I have a lovely email group and I mentioned to them that while I have plenty to do everyday, I’m BORED. I’m WAY bored. I know it’s a childish thing to say, but I am at a loss. I do not derive satisfaction from laundry or a beautiful dinner. I just don’t. Someone from the email group suggested that this is a normal reaction to having kids about to leave home. Makes sense, but (and it’s ALL about me) I’m still bored! 😉
I think part of my struggle is being married to a man who is supremely happy with his life. He no longer is a slave to a corporate restaurant. He goes to bed early, gets up early, eats a super-healthy breakfast, works out at the Y, works all day, comes home to a decent (on my good days) dinner and starts the whole cycle over again.
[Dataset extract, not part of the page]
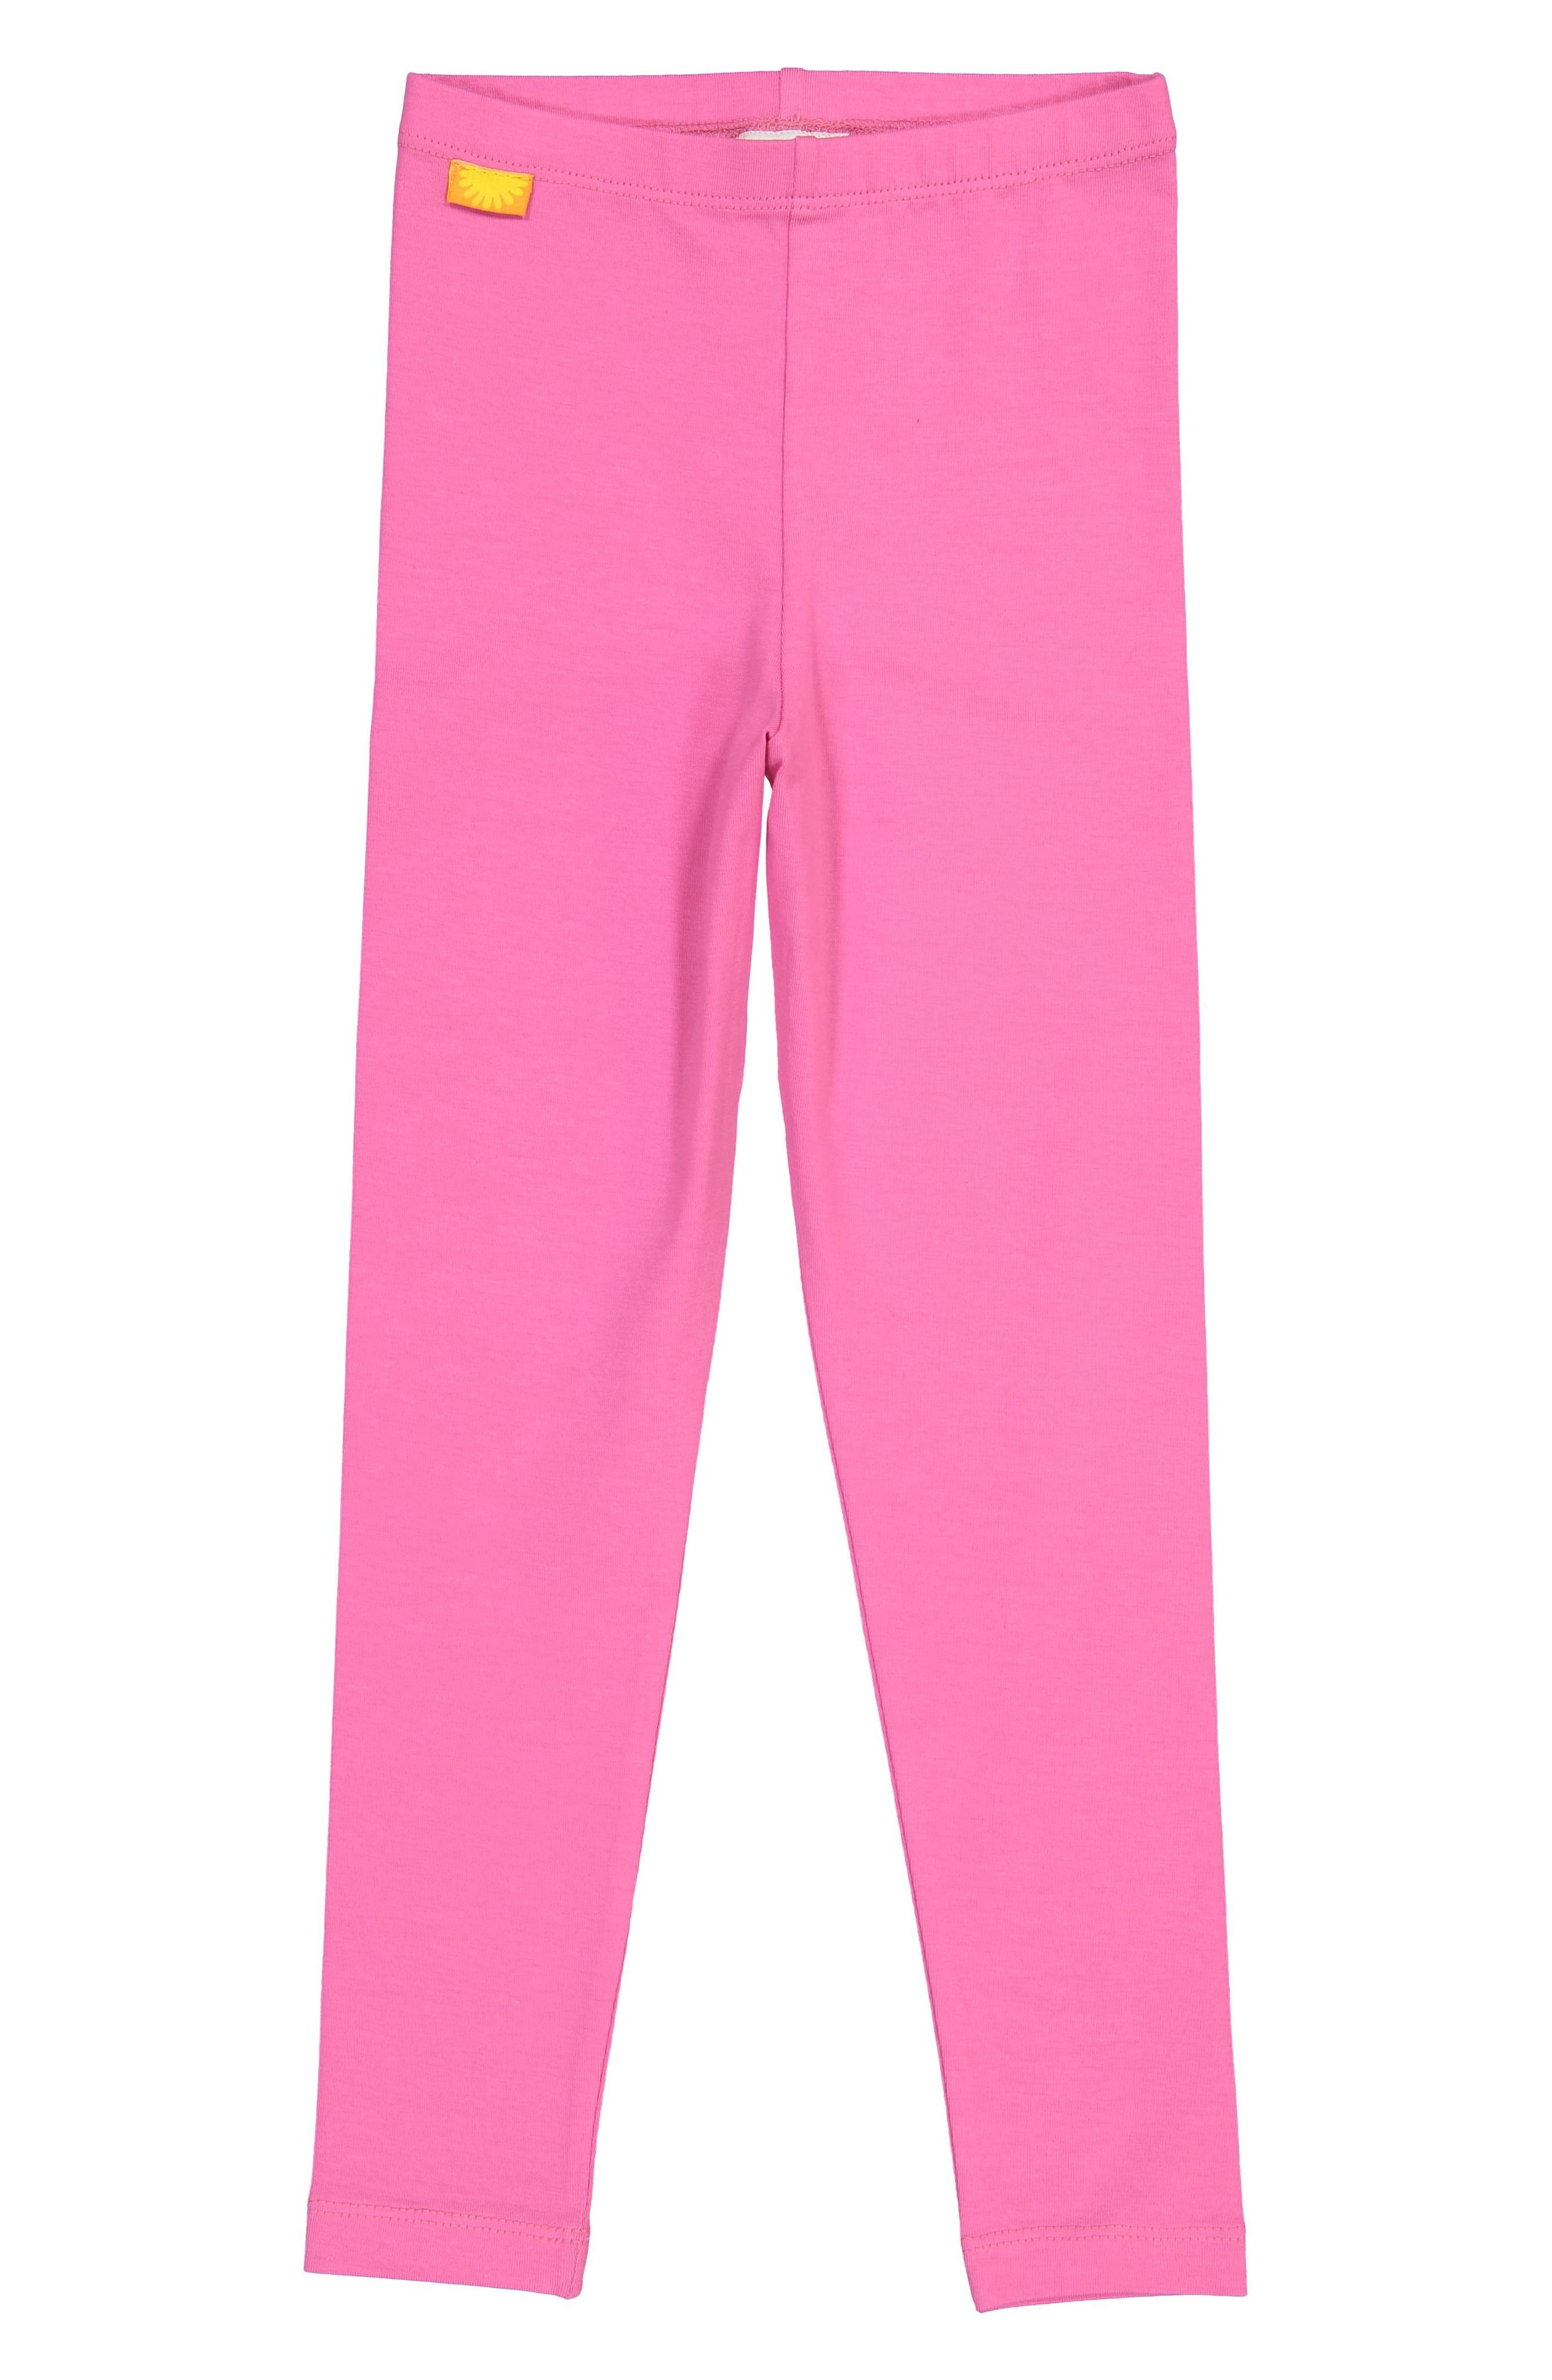 Organic Cotton Leggings,                         Main,                         color, PINK

And he’s happy as a clam. On the weekends, he still gets up early, races around taking care of the yard, the garden and whatever else strikes him. (I know, I’m so unlucky!) Poor man, married to me, the shrew … I’m never happy and I will fight to the death my right to sleep until lunchtime when I can. Even when I am happy, I’m not totally happy. Mike can’t win here.
For now, I don’t know that I can do much more than dwindle in between-land. The boys are here, they need to keep learning. I am here and I can facilitate that. But, then what do I do with Andy – will I be so burnt out that I can’t teach him at home? I’m not big on sending him to a gub’ment skool. I don’t know that we can afford private. Poor Andy. Stay tuned to learn his fate.
Anyway, I’m not feeling fun or funny lately and the blog is reflective of that. Sorry, folks. I’m sure I’ll collect my thoughts and get it all together soon. Hang in there with me, please?